* [Data shown]:
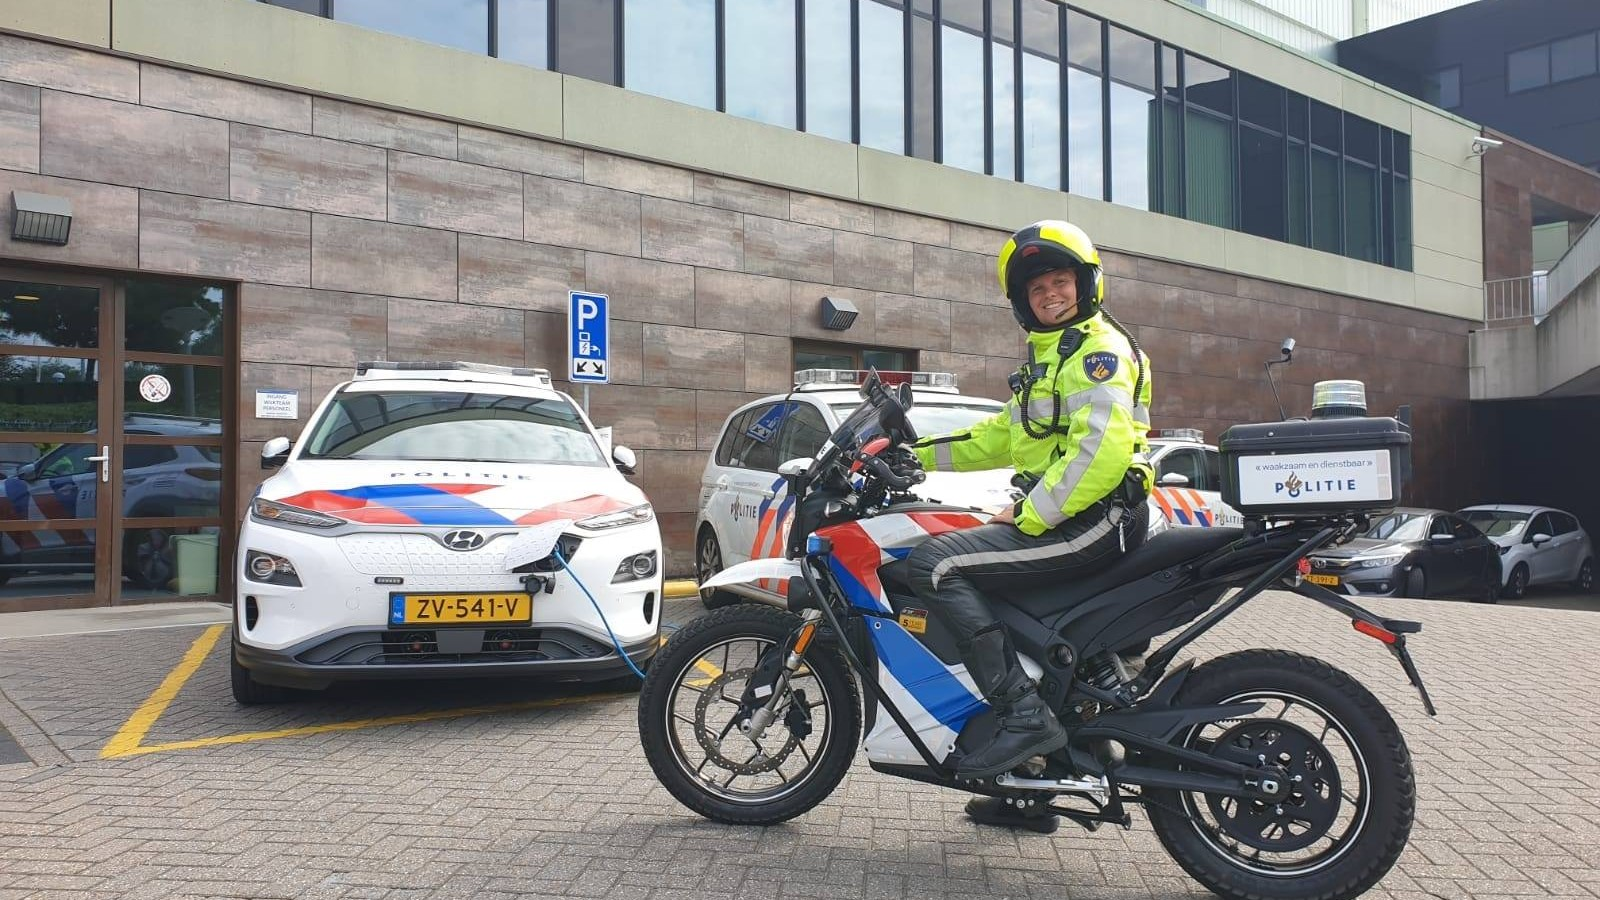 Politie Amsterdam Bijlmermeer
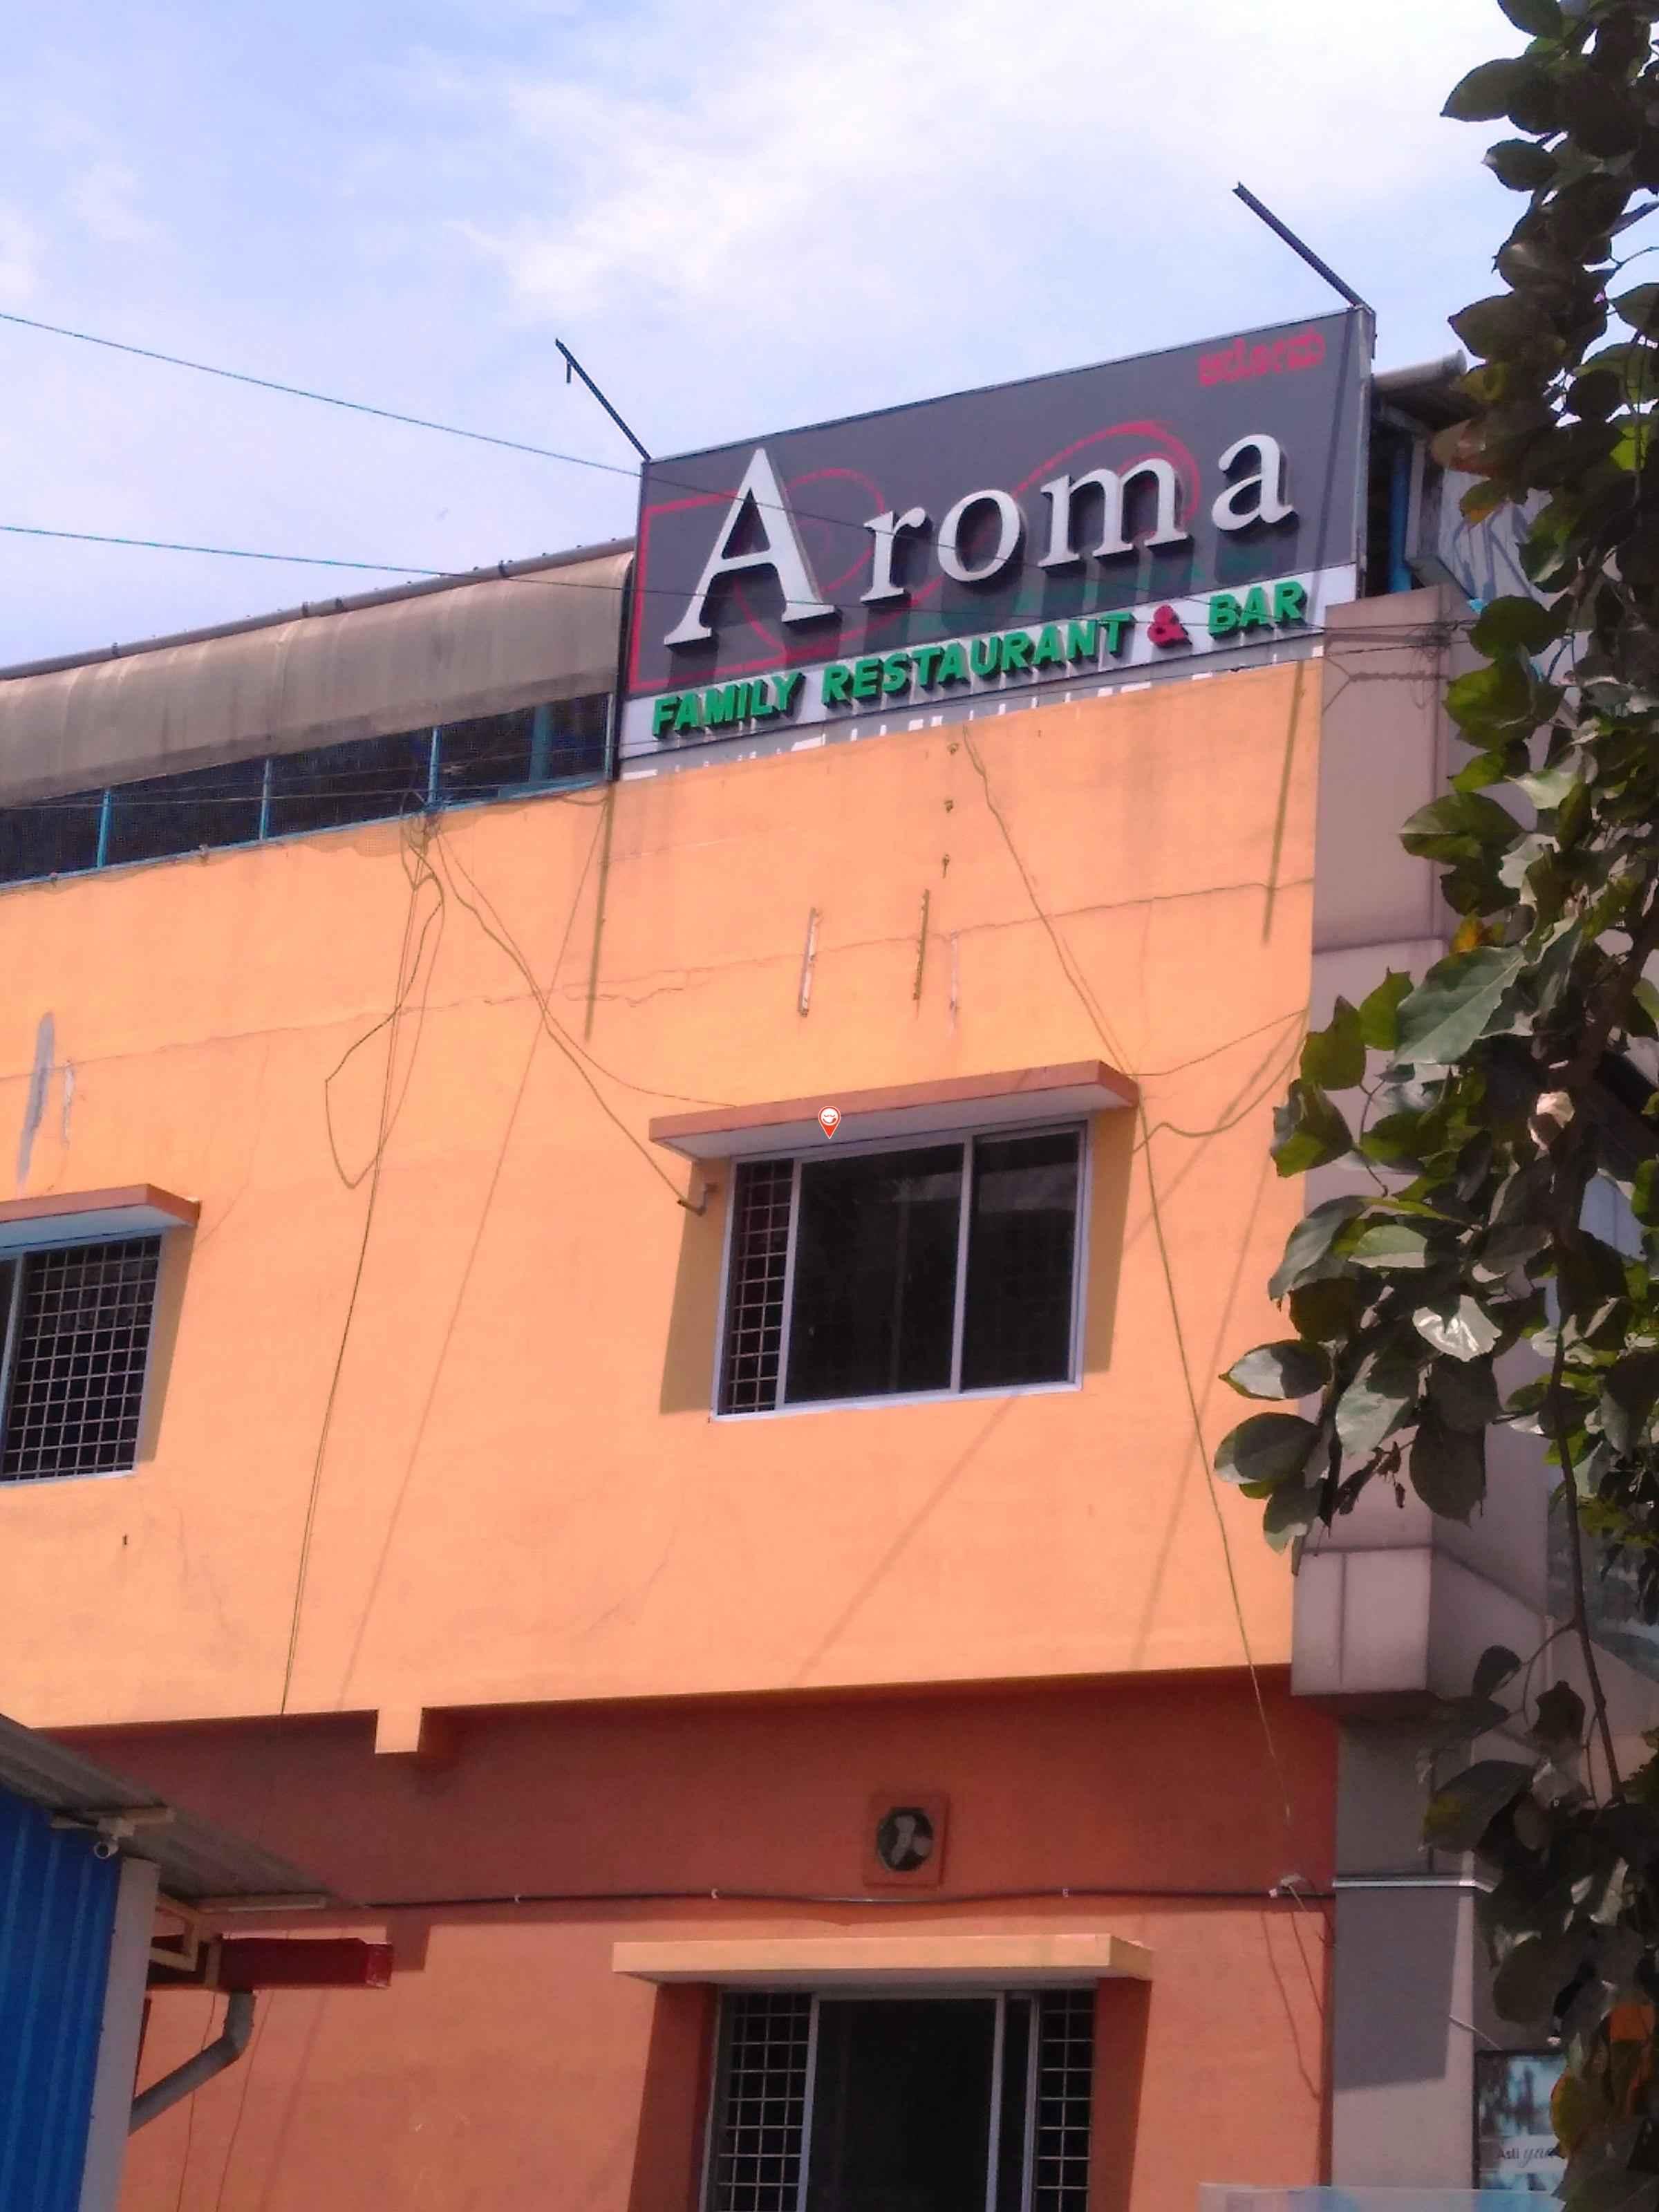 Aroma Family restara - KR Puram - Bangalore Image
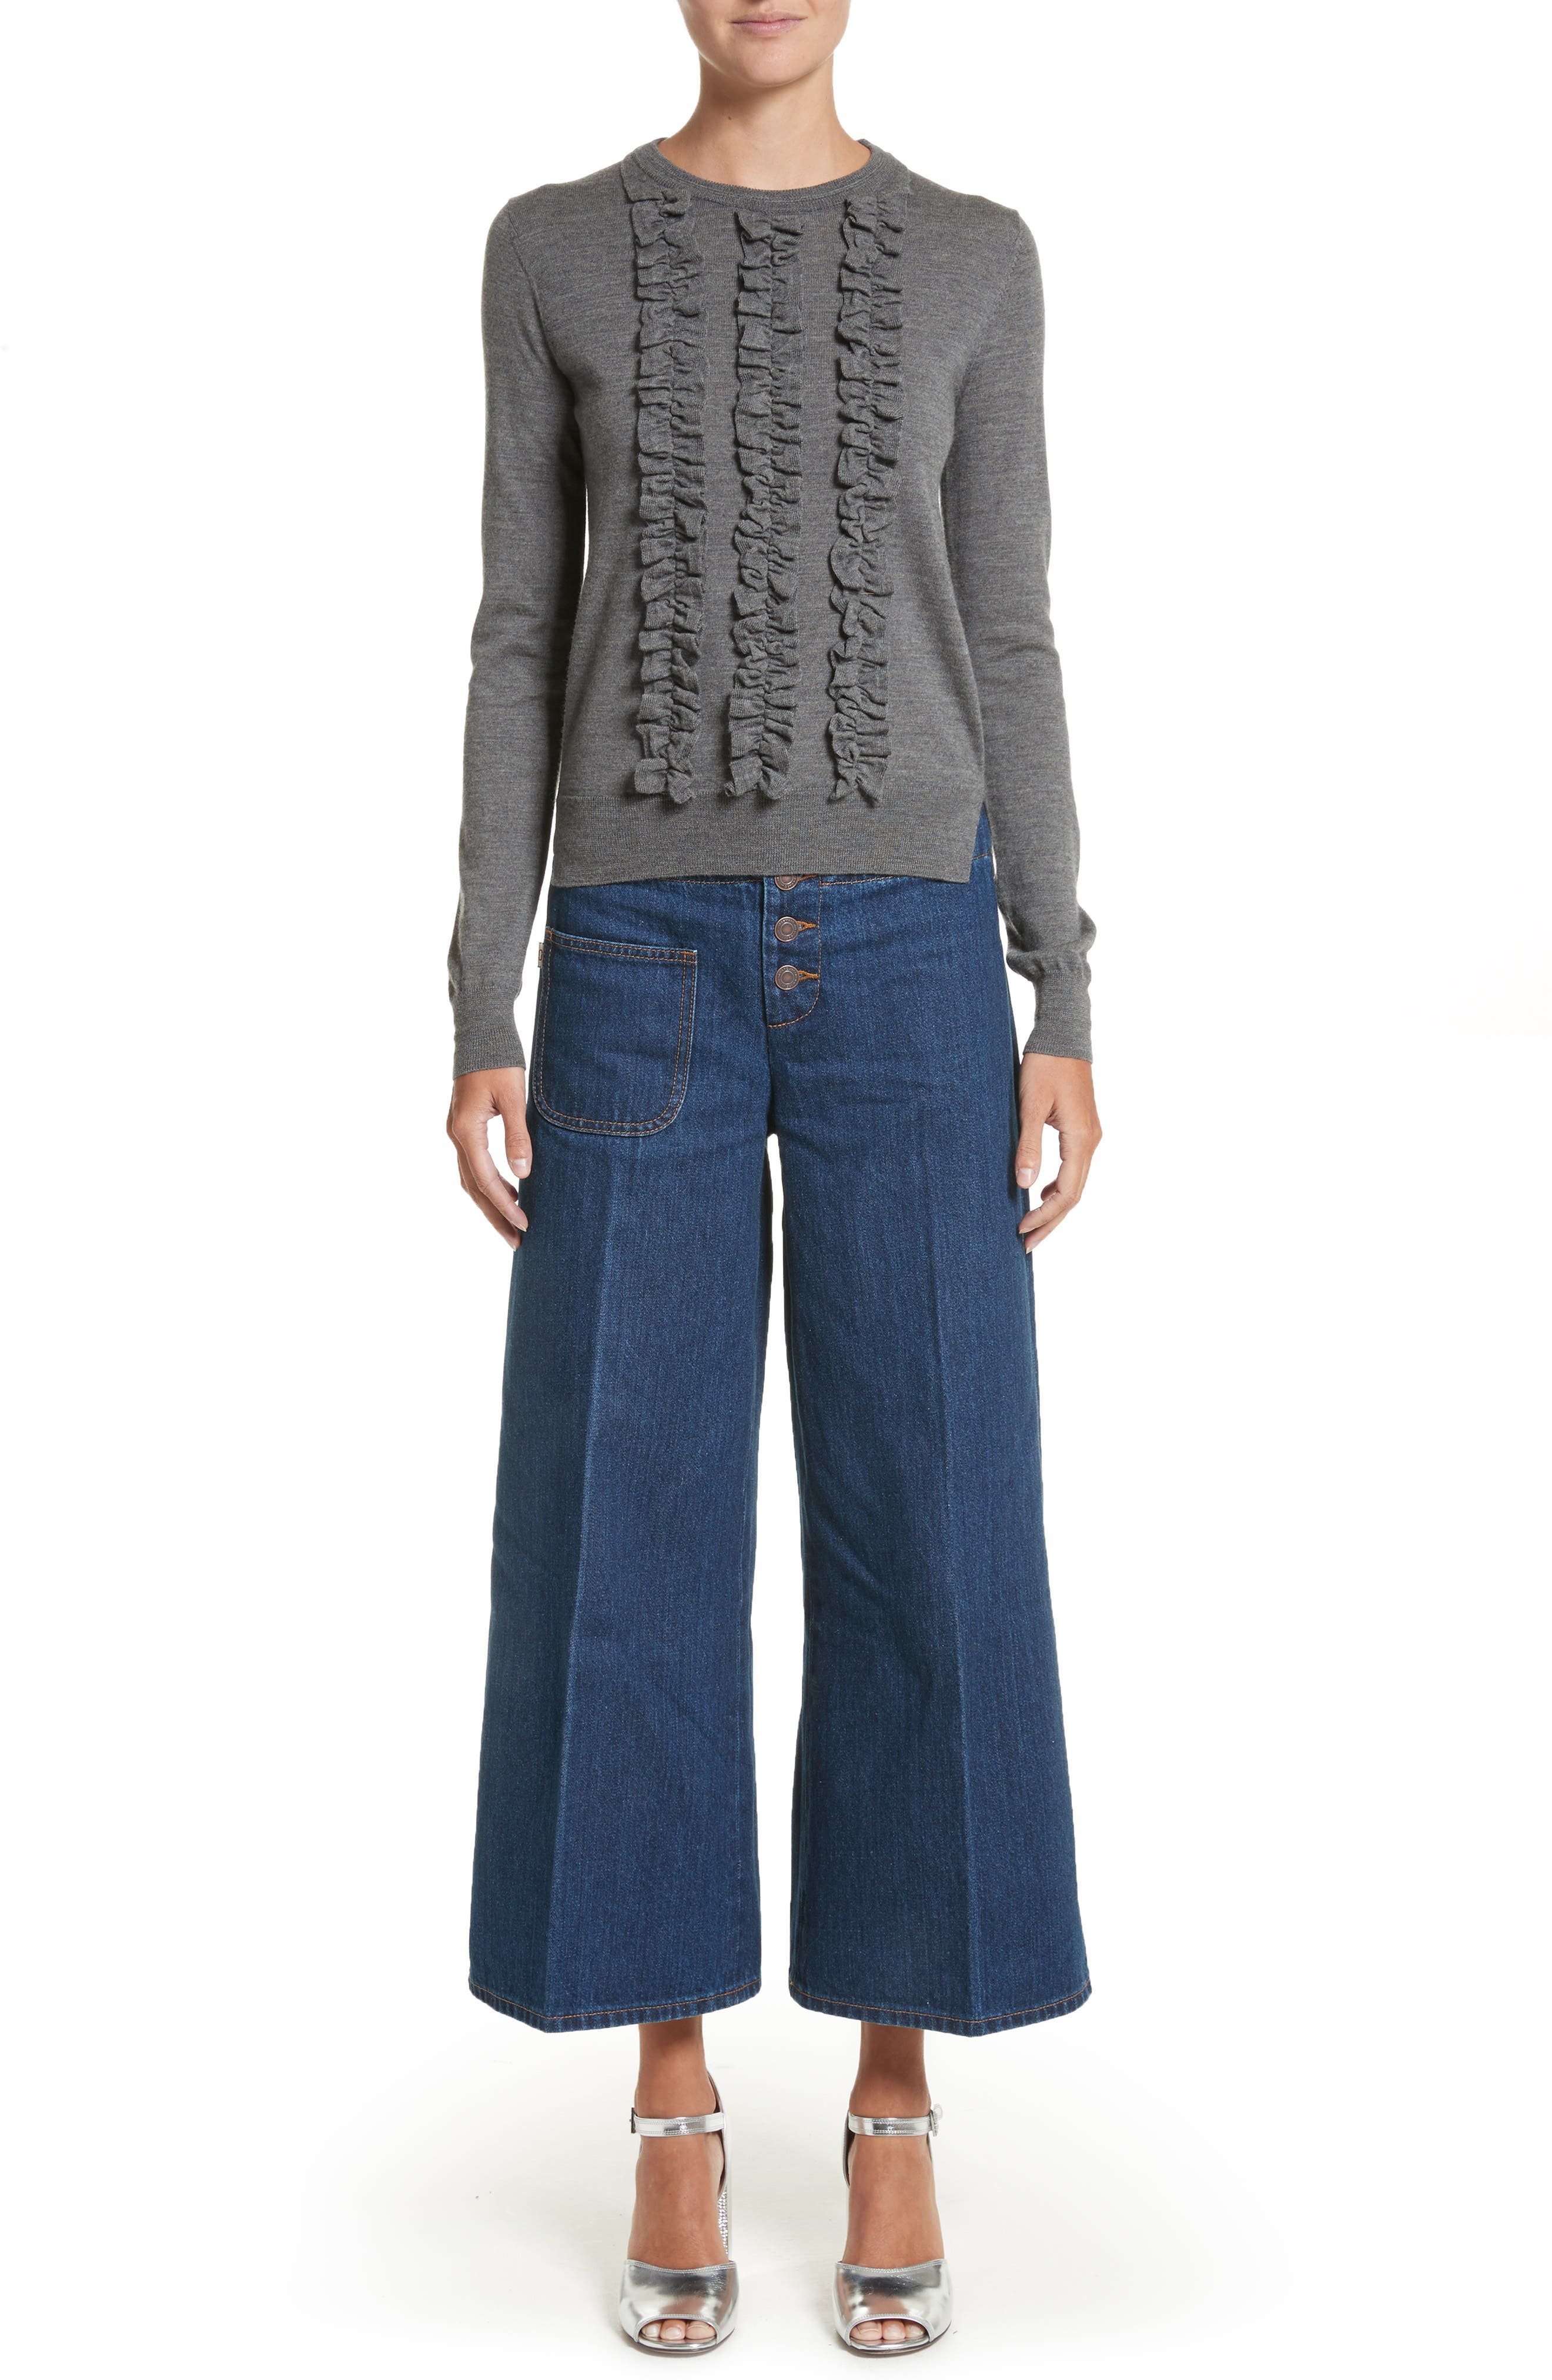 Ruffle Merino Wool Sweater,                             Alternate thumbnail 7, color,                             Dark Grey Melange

* [Work order]: Transcribe all the lines above exactly, apart from the pictures.

* [Exercise output]:
 Politie Amsterdam Bijlmermeer
 Aroma Family restara - KR Puram - Bangalore Image
 Ruffle Merino Wool Sweater,                             Alternate thumbnail 7, color,                             Dark Grey Melange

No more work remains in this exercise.